One of the central themes of the Scripture is that the people who need God, the people who should recognize him, the people to whom he has done nothing but good reject him, ignore him, and ultimately—in the case of Christ—side with the powers of darkness that oppress them in order to crucify him.

    • 2 Chronicles 24:19 (NKJV) says, “He sent prophets to them, to bring them back to the LORD; and they testified against them, but they would not listen.”
    • Isaiah 30:10 (NIV) says, “They say to the seers, ‘See no more visions!’ and to the prophets, ‘Give us no more visions of what is right! Tell us pleasant things, prophesy illusions.'”
    • John 1:10-11 (NIV) says, “He was in the world, and though the world was made through him, the world did not recognize him. He came to that which was his own, but his own did not receive him.”

Sometimes it’s so painful that all you can do is laugh.

You have these friends who are always sad and struggling and talking about how bad their life is. And then you invite them to join you in receiving the word of life and they come up with the silliest excuses. The meeting time is too early. Then, it’s too late. The gathering is too formal. Then, it’s too loose. They’re too busy to come to the gathering, but they’re never too busy to moan for hours about how much they’re struggling.

Jesus understood that all too well. In Matthew 17:19, he summarizes his generation this way:

17 “‘We played the pipe for you, 
and you did not dance; 
we sang a dirge, 
and you did not mourn.’

18 For John came neither eating nor drinking, and they say, ‘He has a demon.’ 19 The Son of Man came eating and drinking, and they say, ‘Here is a glutton and a drunkard, a friend of tax collectors and sinners.’”
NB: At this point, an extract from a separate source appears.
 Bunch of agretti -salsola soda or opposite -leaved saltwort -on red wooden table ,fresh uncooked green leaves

If that were the end of the story, it would be a rather discouraging one, indeed. But fortunately there’s another theme that runs all the way through the Scripture. The Apostle Paul describes it this way in Romans 10:19-20:

“I will make you envious by those who are not a nation;
I will make you angry by a nation that has no understanding.”[j]

20 … “I was found by those who did not seek me;
I revealed myself to those who did not ask for me.”
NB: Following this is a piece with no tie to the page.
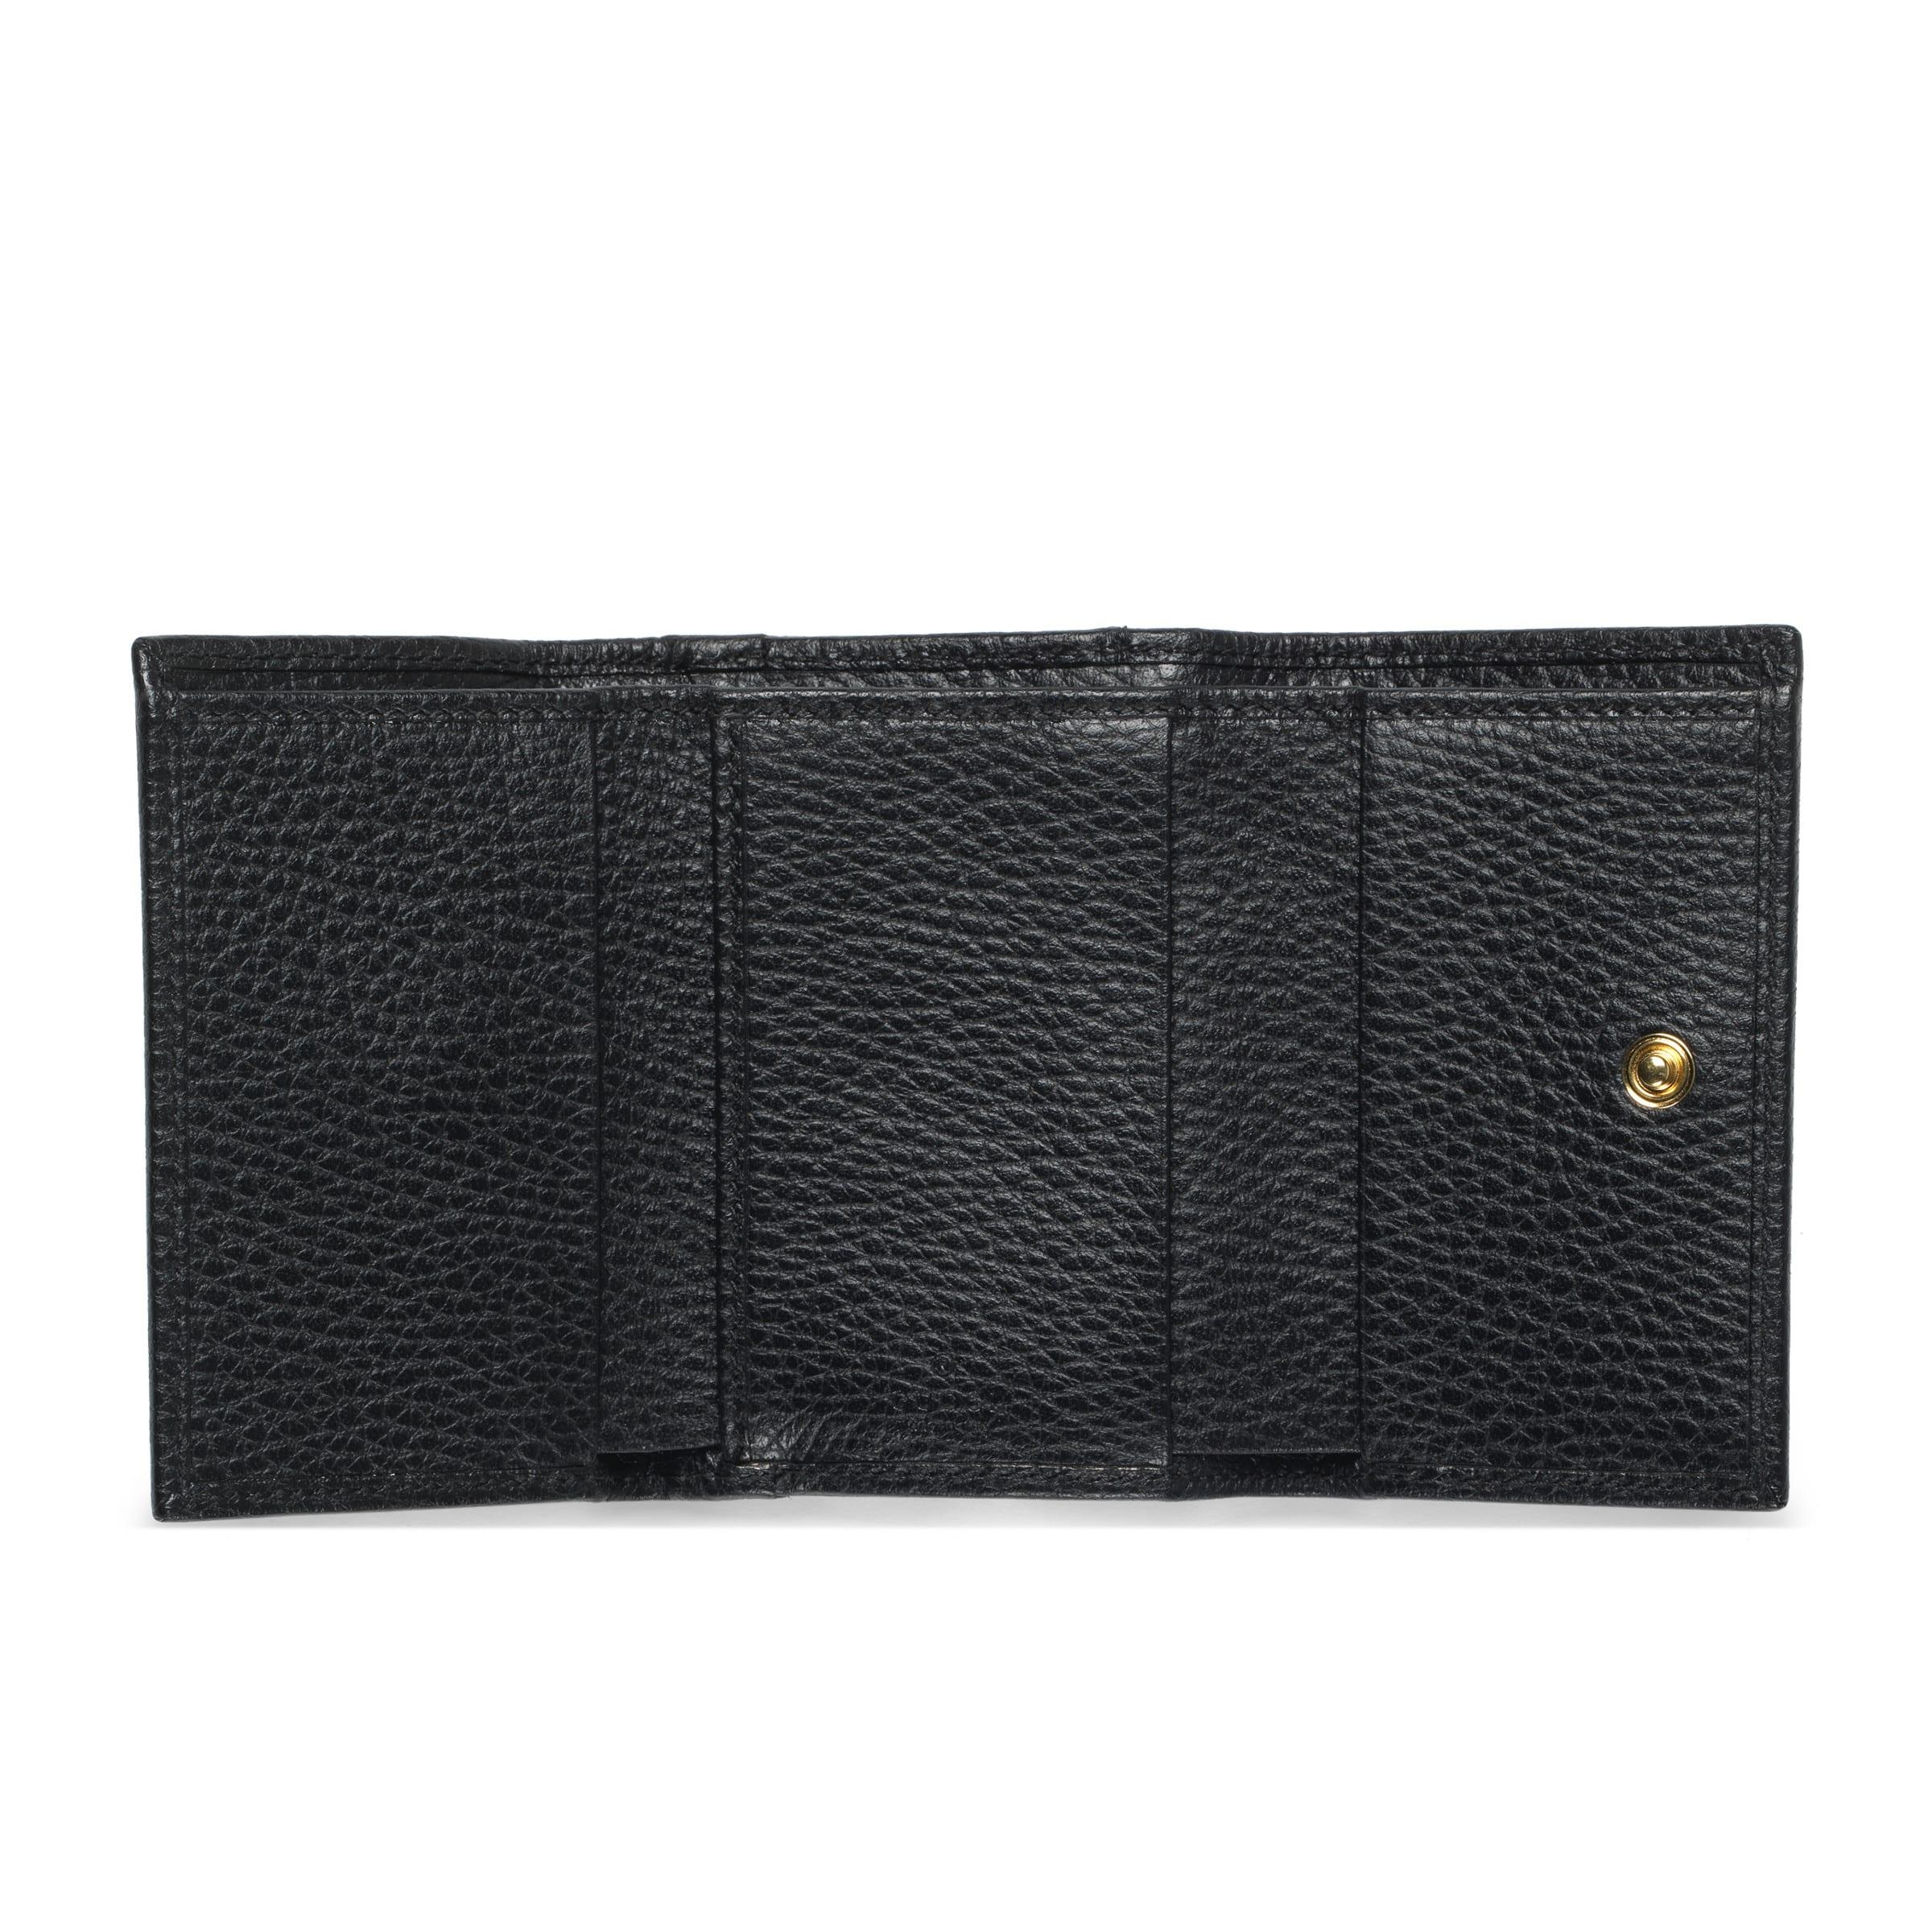 GG Marmont medium wallet in black leather and GG Supreme

Never forget that the reason you’re here in the first place is because the people who should have believed, rejected the invitation of Christ.

But the Apostle Paul warns us in Romans 11 that that fact should make us humble, not proud:

17 If some of the branches have been broken off, and you, though a wild olive shoot, have been grafted in among the others and now share in the nourishing sap from the olive root, 18 do not consider yourself to be superior to those other branches. If you do, consider this: You do not support the root, but the root supports you. 19 You will say then, “Branches were broken off so that I could be grafted in.” 20 Granted. But they were broken off because of unbelief, and you stand by faith. Do not be arrogant, but tremble. 21 For if God did not spare the natural branches, he will not spare you either.

22 Consider therefore the kindness and sternness of God: sternness to those who fell, but kindness to you, provided that you continue in his kindness. Otherwise, you also will be cut off. 23 And if they do not persist in unbelief, they will be grafted in, for God is able to graft them in again. 24 After all, if you were cut out of an olive tree that is wild by nature, and contrary to nature were grafted into a cultivated olive tree, how much more readily will these, the natural branches, be grafted into their own olive tree!

And this is what the story we’ll be learning about in next week’s blog posts is all about. It weaves together all three of those themes that we just mentioned:

    • God reaches out to the people who should respond to him, and they don’t; so
    • God reaches the people who no one thinks will respond to him, and they do; but
    • their response should lead to gratitude and humility, not pride.

The story is called the Parable of the Wedding Feast, and Jesus tells it to the chief priests and the Pharisees – those who should have responded to his invitation to feast –  but didn’t.

In what ways are you like those who mumble and groan about their circumstances but don’t accept help when it comes? Are you not responding to God in an area you should be?